-- Supplied data follows --

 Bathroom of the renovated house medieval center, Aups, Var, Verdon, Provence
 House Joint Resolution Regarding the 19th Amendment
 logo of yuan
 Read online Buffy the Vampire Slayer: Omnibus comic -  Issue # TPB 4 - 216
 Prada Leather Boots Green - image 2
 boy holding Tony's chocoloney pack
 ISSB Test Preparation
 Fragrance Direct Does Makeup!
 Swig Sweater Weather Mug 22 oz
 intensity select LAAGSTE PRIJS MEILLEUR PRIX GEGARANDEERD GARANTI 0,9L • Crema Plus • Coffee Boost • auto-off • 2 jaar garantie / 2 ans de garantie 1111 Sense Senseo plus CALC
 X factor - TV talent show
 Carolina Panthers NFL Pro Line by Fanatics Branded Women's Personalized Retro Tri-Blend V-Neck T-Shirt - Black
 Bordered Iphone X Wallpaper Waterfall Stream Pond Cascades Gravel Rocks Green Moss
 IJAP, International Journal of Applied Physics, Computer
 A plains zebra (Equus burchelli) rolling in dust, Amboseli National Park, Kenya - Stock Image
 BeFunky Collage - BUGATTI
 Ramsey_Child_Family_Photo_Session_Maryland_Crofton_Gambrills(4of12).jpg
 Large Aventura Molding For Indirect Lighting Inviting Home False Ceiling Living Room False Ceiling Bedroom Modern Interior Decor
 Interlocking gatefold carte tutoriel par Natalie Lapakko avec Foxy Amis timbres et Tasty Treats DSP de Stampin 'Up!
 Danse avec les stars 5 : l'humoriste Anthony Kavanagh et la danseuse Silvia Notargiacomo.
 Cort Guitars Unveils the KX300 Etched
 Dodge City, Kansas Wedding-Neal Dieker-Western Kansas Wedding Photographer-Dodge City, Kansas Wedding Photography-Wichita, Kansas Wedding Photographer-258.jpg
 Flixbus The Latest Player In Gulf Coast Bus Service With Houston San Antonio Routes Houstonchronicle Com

-- Supplied data concluded --

◆ Exercise objective
Scan the records above for the lines holding "Danse avec les" and "Dodge City, Kansas Wedding-Neal". Transcribe those two and every line between them word for word, and no others.

◆ Completed exercise
 Danse avec les stars 5 : l'humoriste Anthony Kavanagh et la danseuse Silvia Notargiacomo.
 Cort Guitars Unveils the KX300 Etched
 Dodge City, Kansas Wedding-Neal Dieker-Western Kansas Wedding Photographer-Dodge City, Kansas Wedding Photography-Wichita, Kansas Wedding Photographer-258.jpg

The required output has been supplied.